→ What you will do: Reproduce exactly, and only, the lines of the material below running from the line bearing "Magnetism Shirt - The Faraday Project" through the line bearing "Morphy Richards 732000". Leave any pictures out.

→ Records provided:

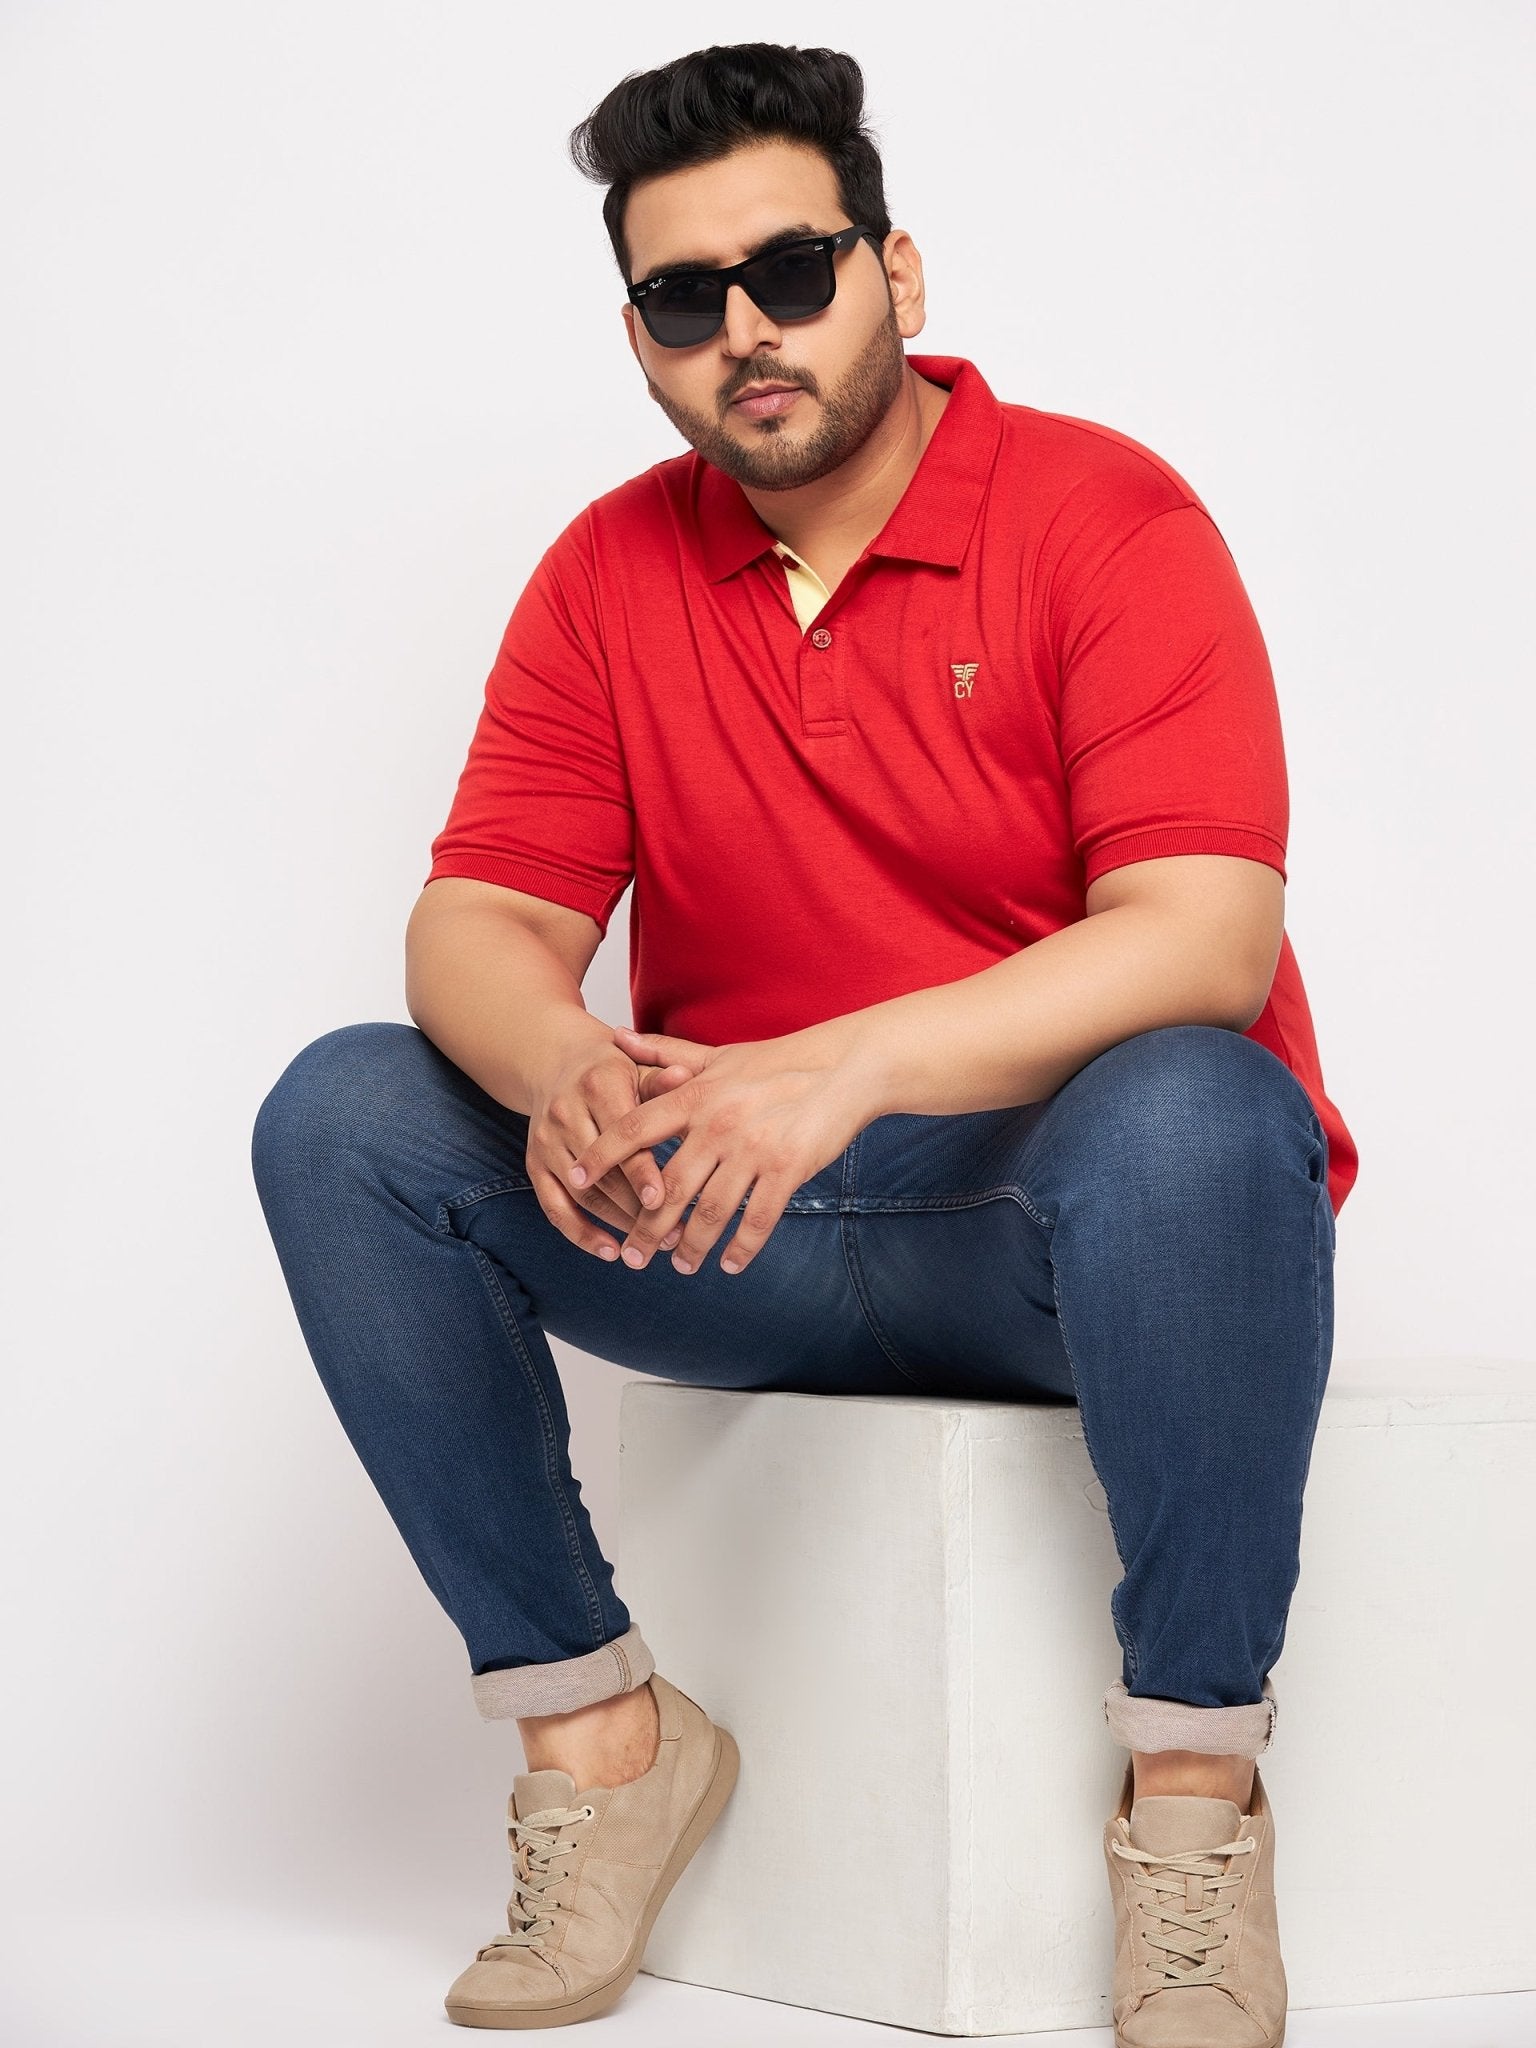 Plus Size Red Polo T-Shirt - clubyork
==
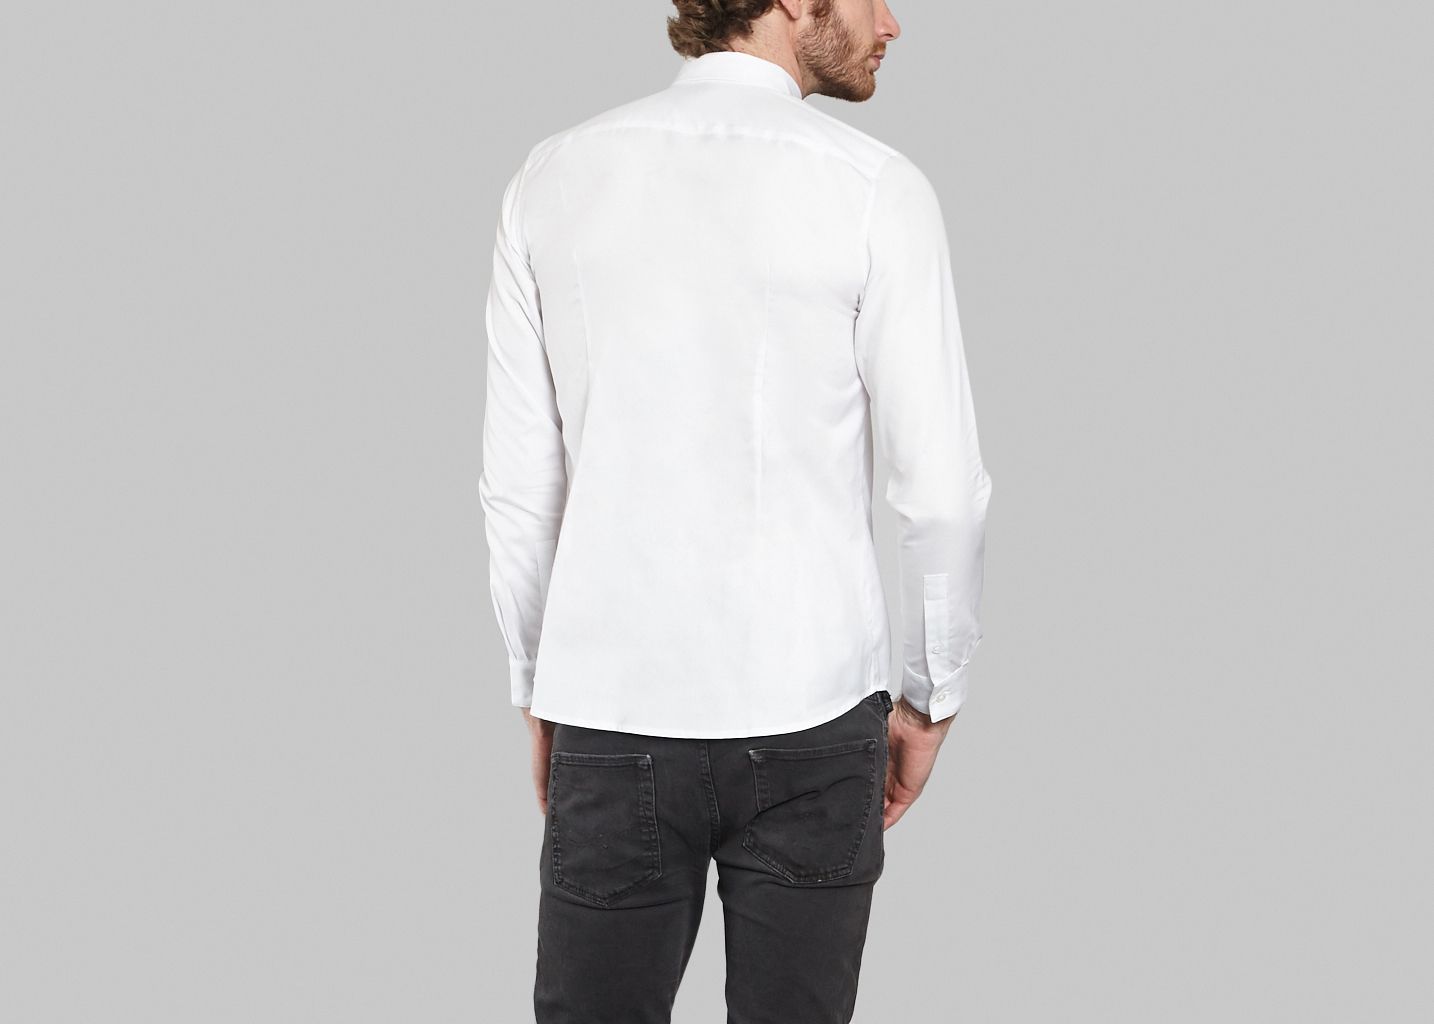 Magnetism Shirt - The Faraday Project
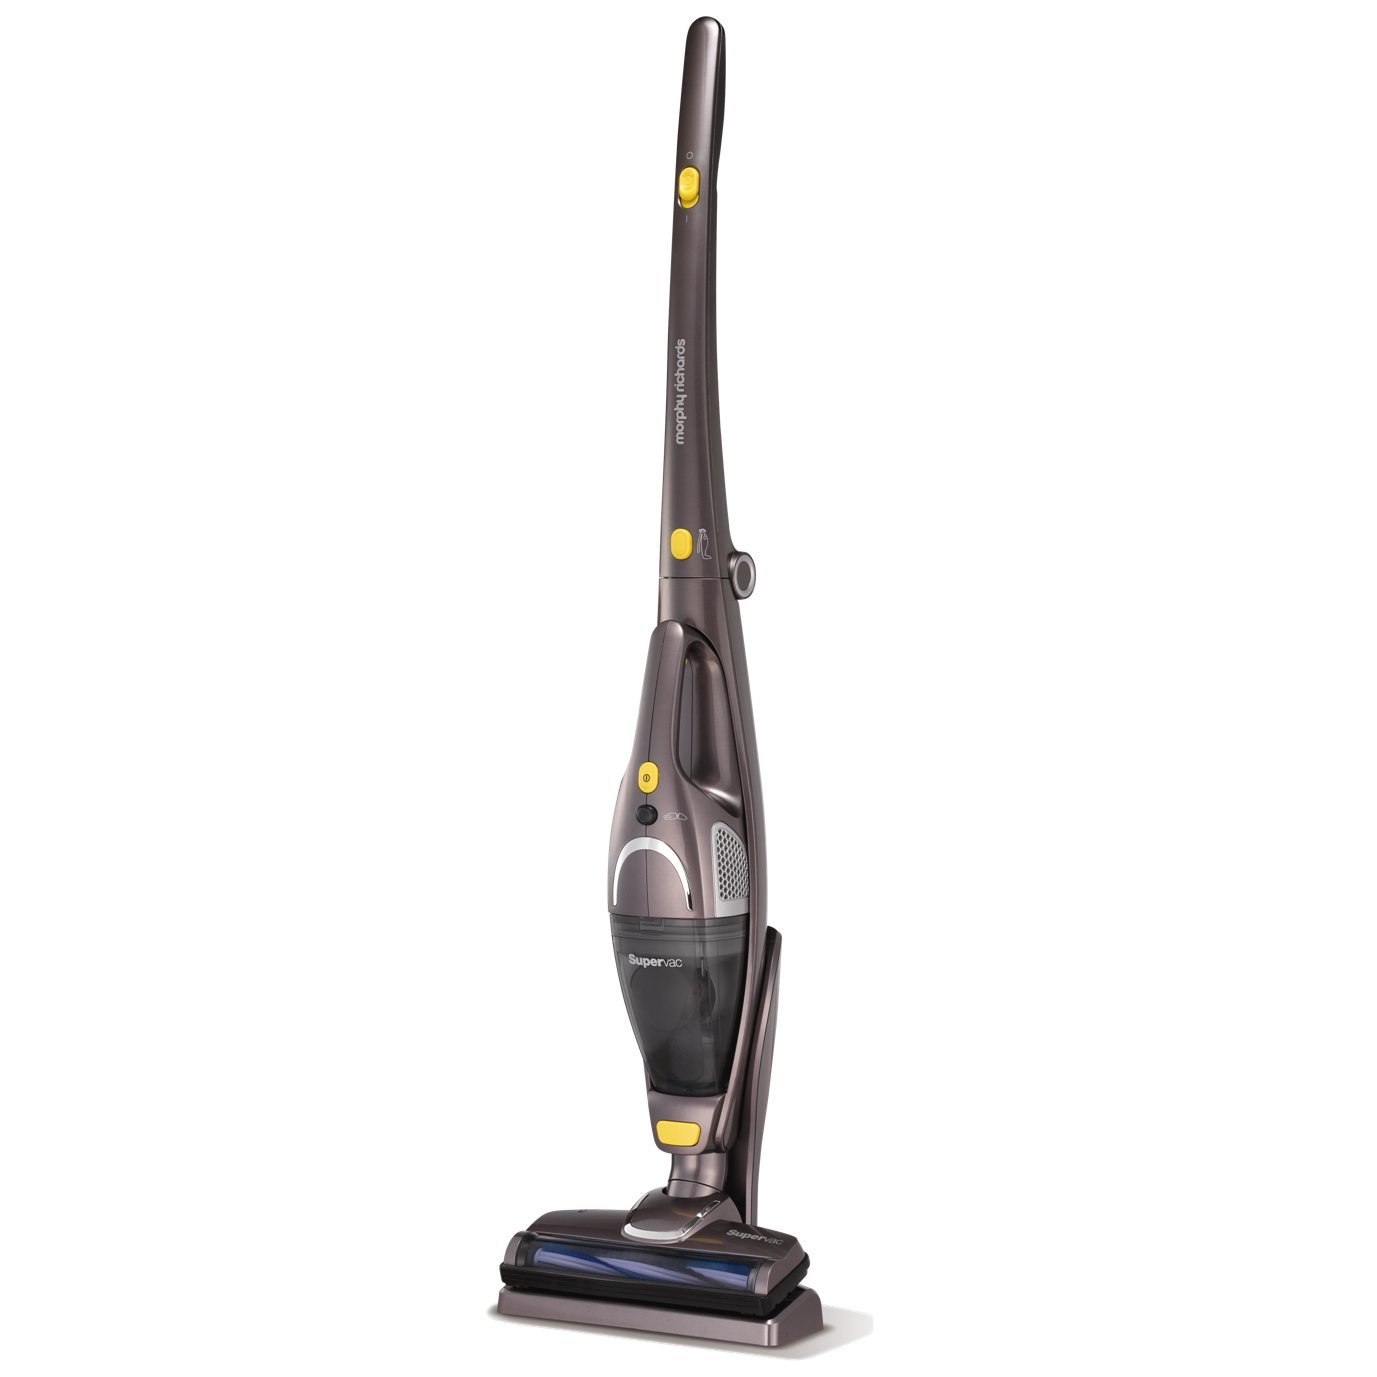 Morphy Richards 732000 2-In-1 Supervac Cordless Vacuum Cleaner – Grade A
==
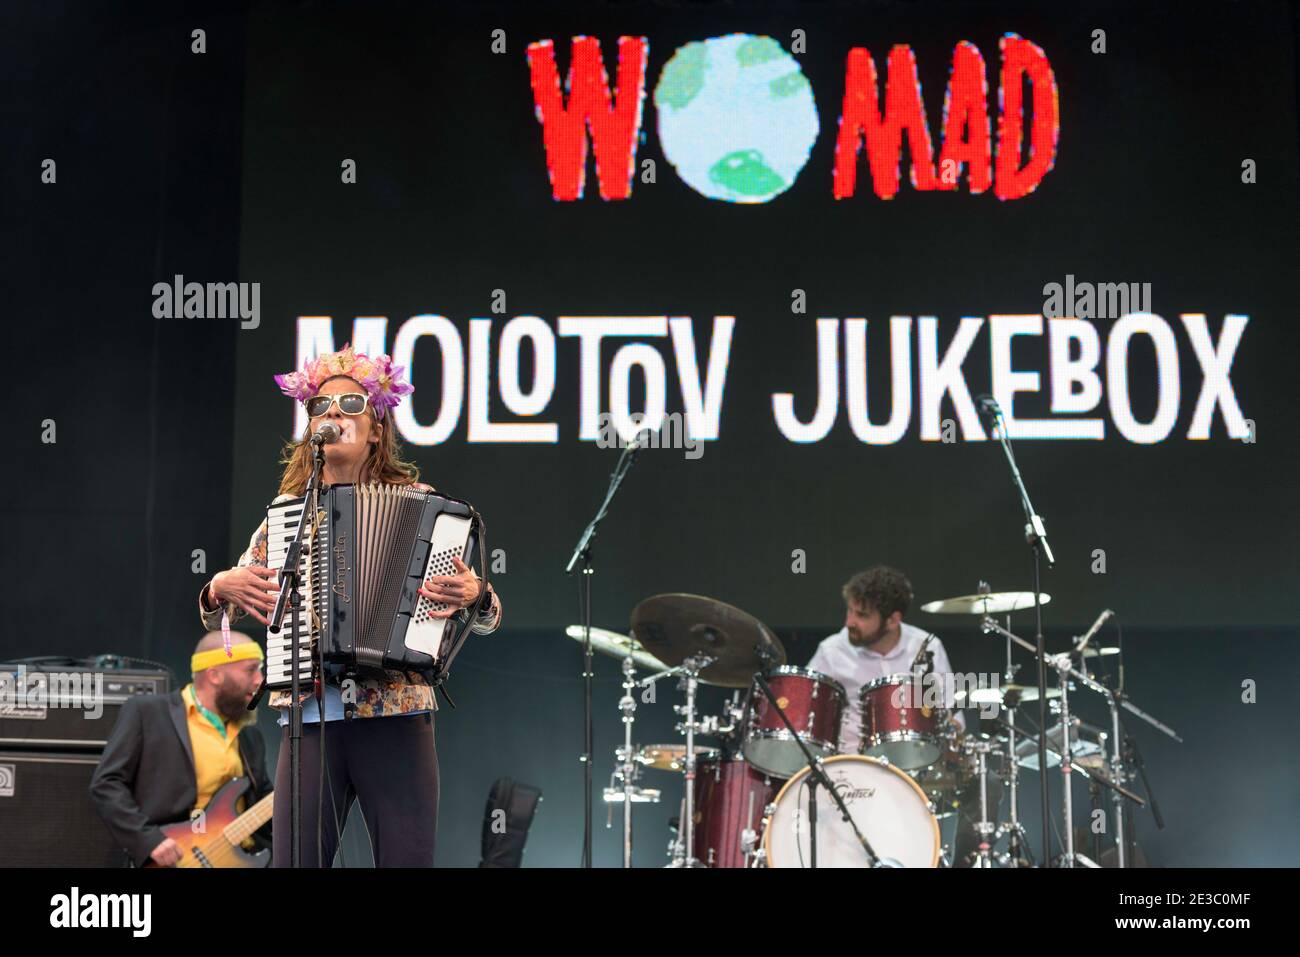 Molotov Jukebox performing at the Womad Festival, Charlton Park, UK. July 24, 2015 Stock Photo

→ Solution to this exercise:
 Magnetism Shirt - The Faraday Project
 Morphy Richards 732000 2-In-1 Supervac Cordless Vacuum Cleaner – Grade A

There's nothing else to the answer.